For Dwight Tucci, the past 10 months have been filled with therapy, frustration, and angst. After a knee-injury took him out last season, the senior close-defenseman has now made his due-return to the field.
For any athlete, especially college athletes, an injury is something that gets forever stuck in the memory. The trigger-sense of whenever the part is touched after it is healed reminds athletes of struggles long-past. Sometimes, you can just tell in the instant something goes wrong, when you get injured, that it won’t be a quick-fix. Then, the days, afterward, when you have to just wait out the healing process, which is literally like watching paint dry. Not only do you get insanely bored, but at times, you’ll get to see your teammates playing, practicing, and running without you. At first, you may enjoy the relief of not having to run with them, but after a while, you start feeling guilty for not being there with them. It’s also an experience of having to explain your injury to 20 different people every day.
Dwight Tucci will tell you that it’s not fun. He says he just took it as it was after he felt his knee pop inward during a game. During a spring season game against Drexel University, Tucci ran the ball up the field and crossed into shooting range. He took his shot, causing his right leg to plant itself into the turf. The cleats that Tucci was wearing stabbed themselves stuck into the turf.
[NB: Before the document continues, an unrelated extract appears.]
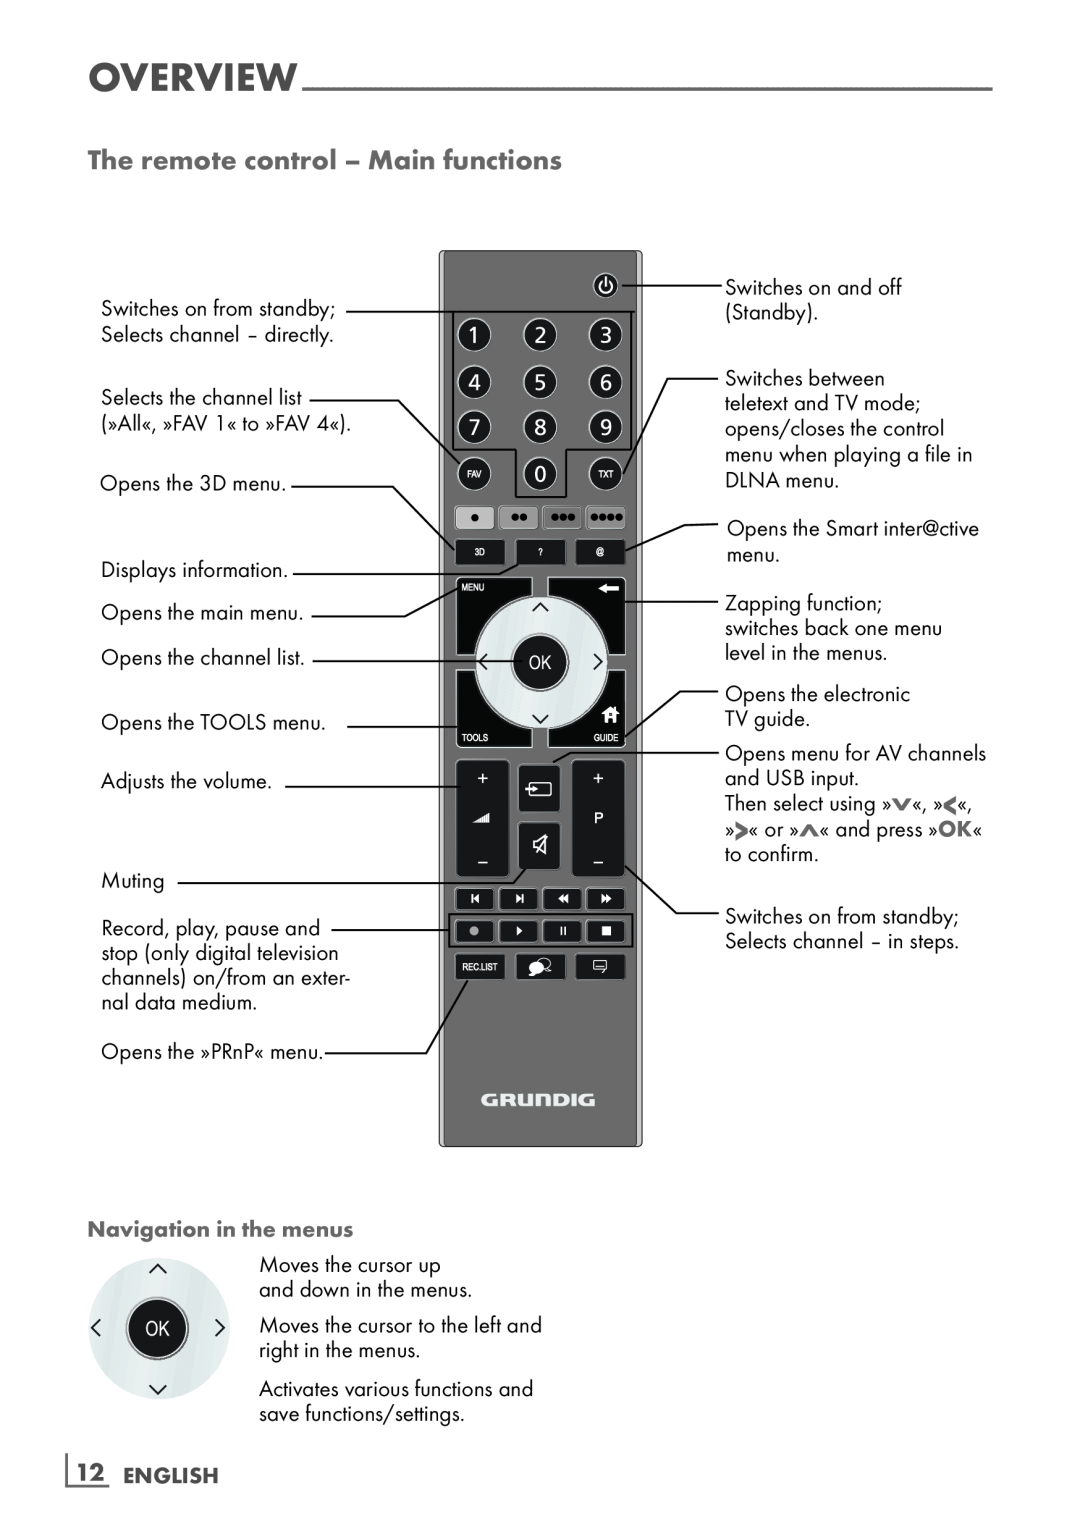 Grundig 40 VLE 8160 BL manual The remote control - Main functions, ­12 ENGLISH, Navigation in the menus 
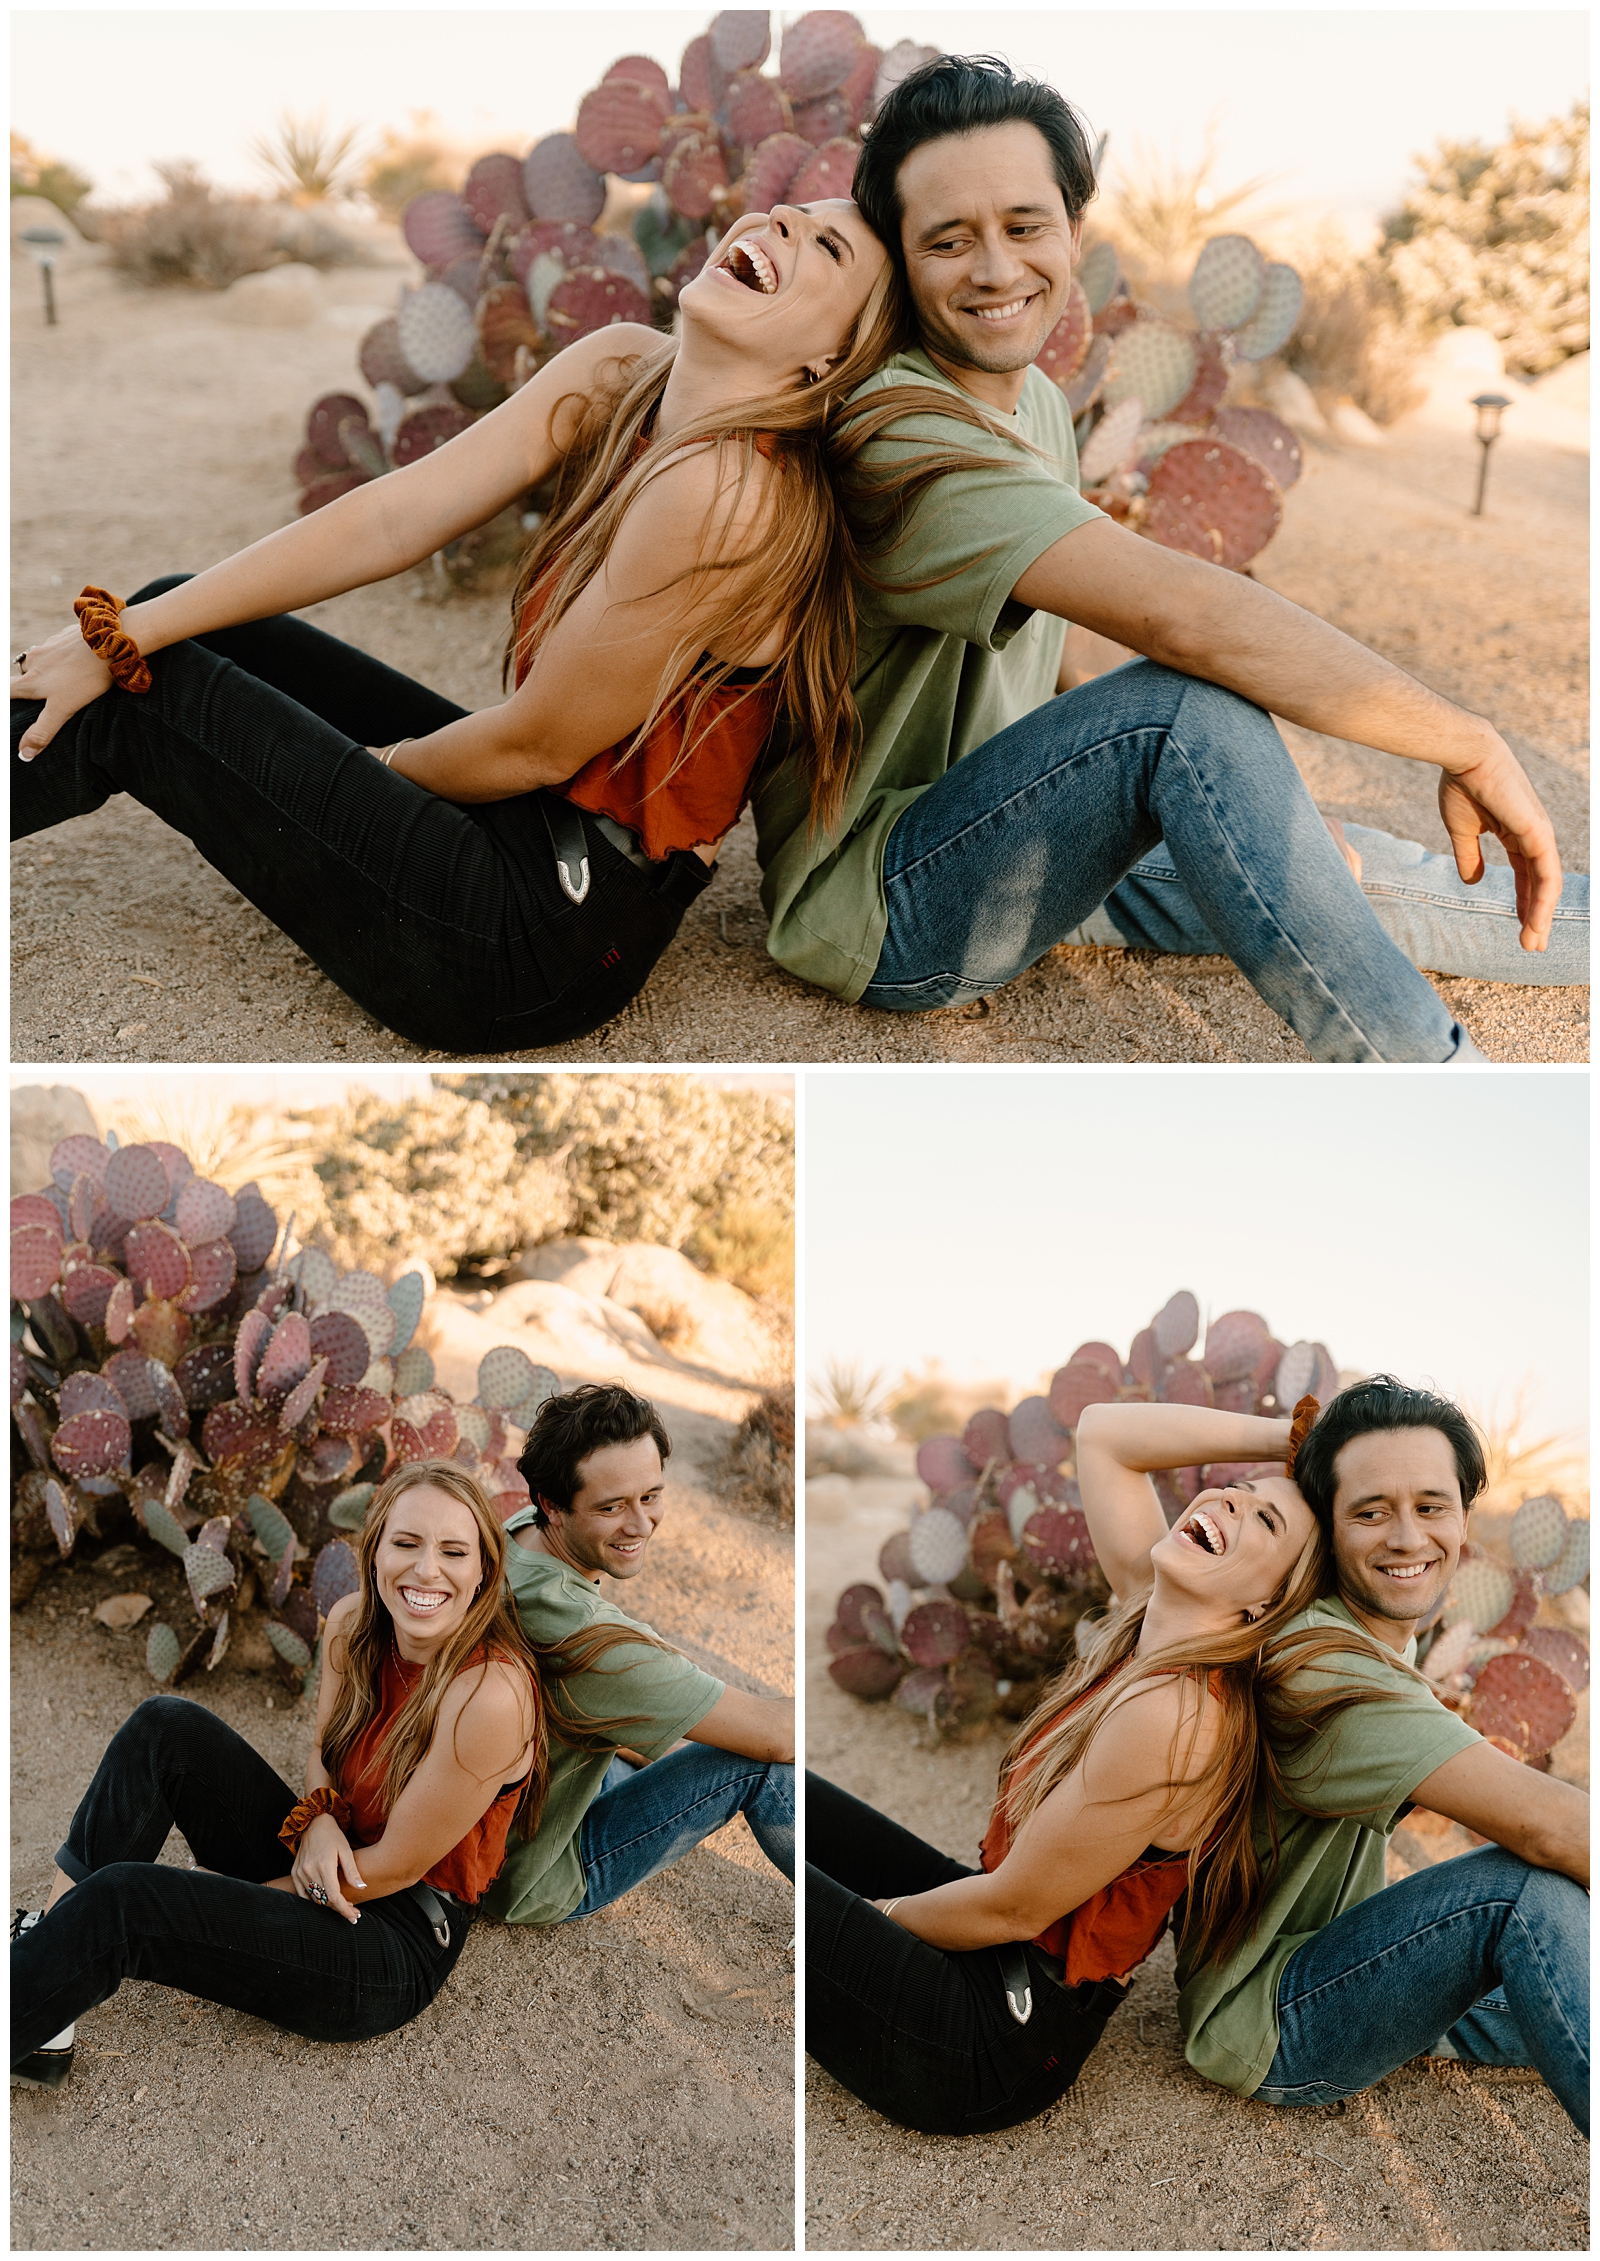 Fun and playful desert engagement session in Joshua Tree, CA

He knew that it wasn’t right, and in that moment, his knee popped inward and Tucci fell to the ground. After an MRI a week later, Tucci would be out of game-play for the next 10 months.
As you would figure, Tucci faced the depression and frustration of not being able to come back to play. He knew right off the bat that it would include a long-recovery process, as well as some restrictions with working out. A third of his normal workout had to be shelved due to his leg.
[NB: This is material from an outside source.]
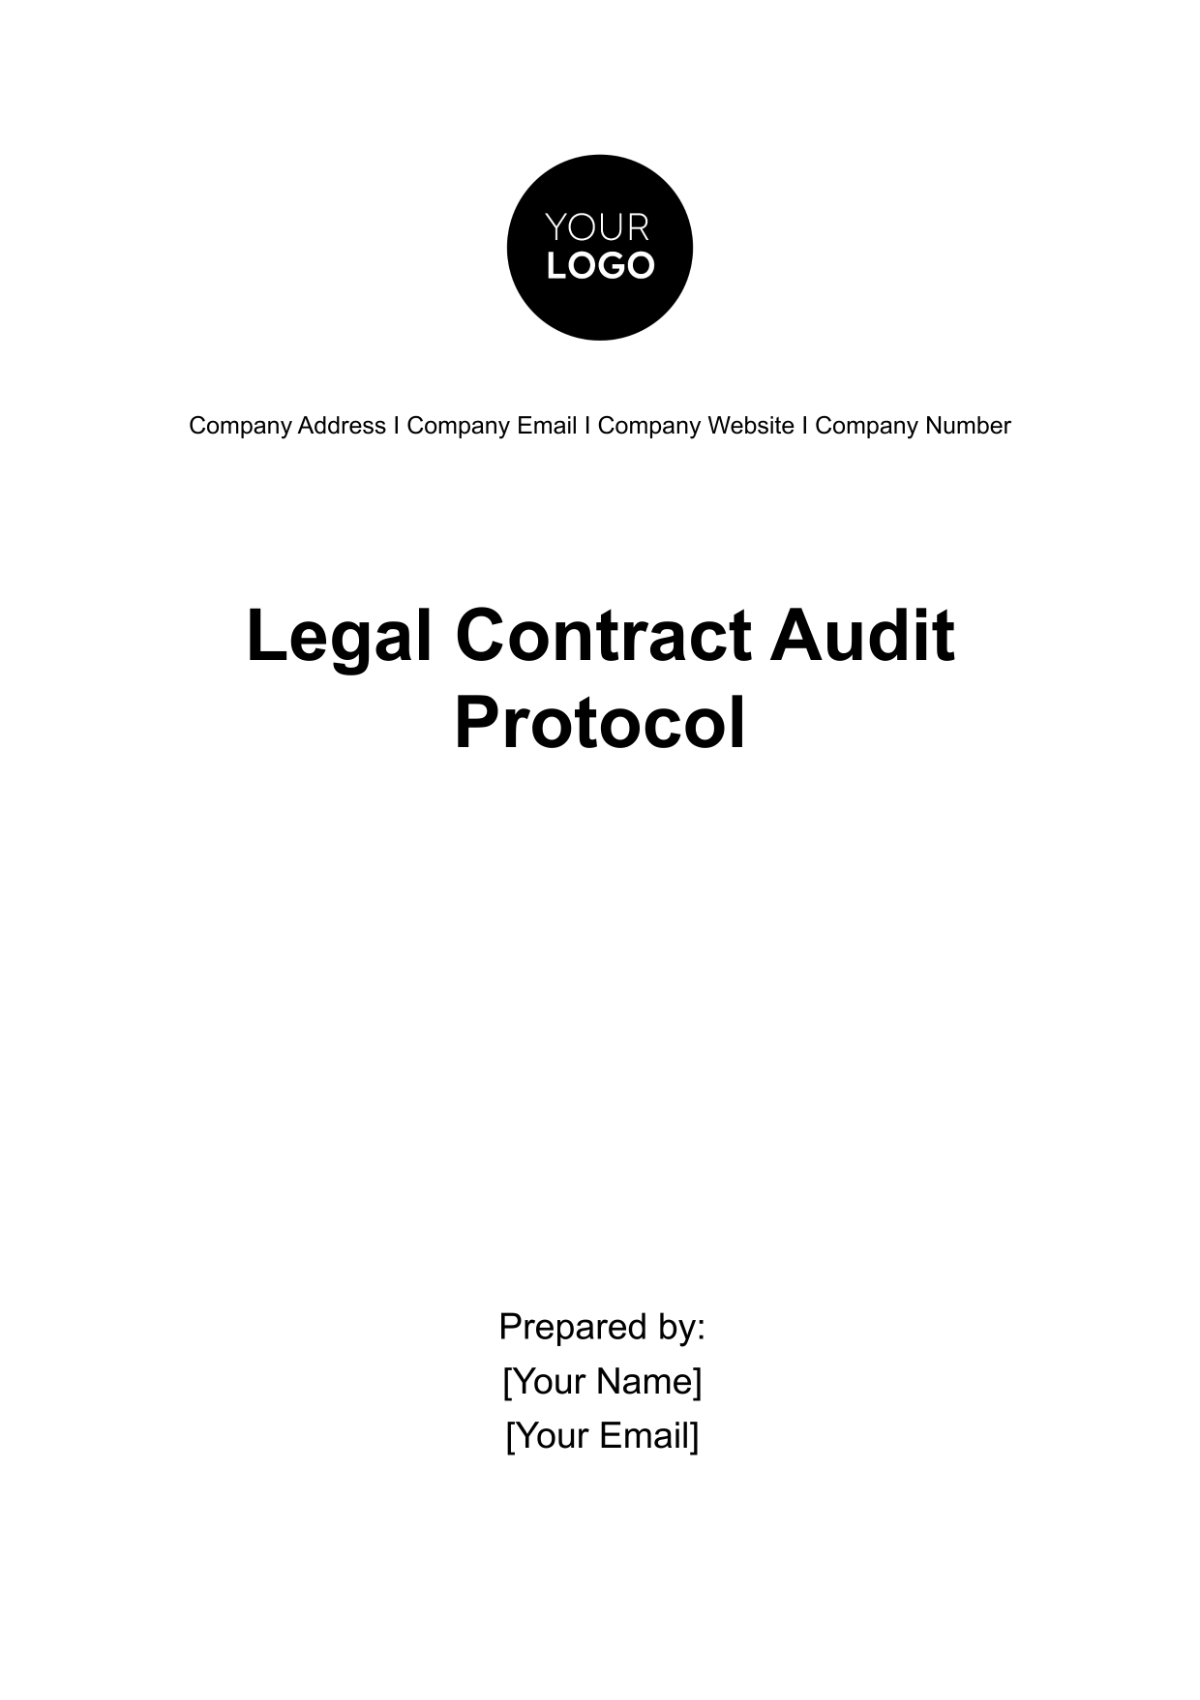 Legal Contract Audit Protocol Template

After surgery, Tucci received therapy and rehabilitation for three months until his insurance couldn’t pay for it anymore. That didn’t stop Tucci’s pursuit for recovery though. Thanks to the techniques learned in rehab, Tucci was able to replicate them on his own time. Rehab exercises such as rubber-band stretches, foam-rolls, and one-legged exercises, helped Tucci get back up to speed.
In practice, Tucci had to hold back for most of the fall season. No helmet and gloves until the last practices in November. Now, it’s been nearly four weeks since winter training began, and Tucci states that he’s at about 85 percent back into gear.
“With stop-and-go movements, when I’m playing defense, if I push too hard, it will still hurt. I’m self-conscious, I still hold back on it.” Tucci said.
Tucci is still checking quick and shuffling as a close-defender would, just with a little wrapping on his right leg. We all hope to see him as he takes on the field again.
For now, Tucci just wants to get back to his team and win.
“I want to see them go far, get to Nationals. I just want to be part of it.” Tucci said.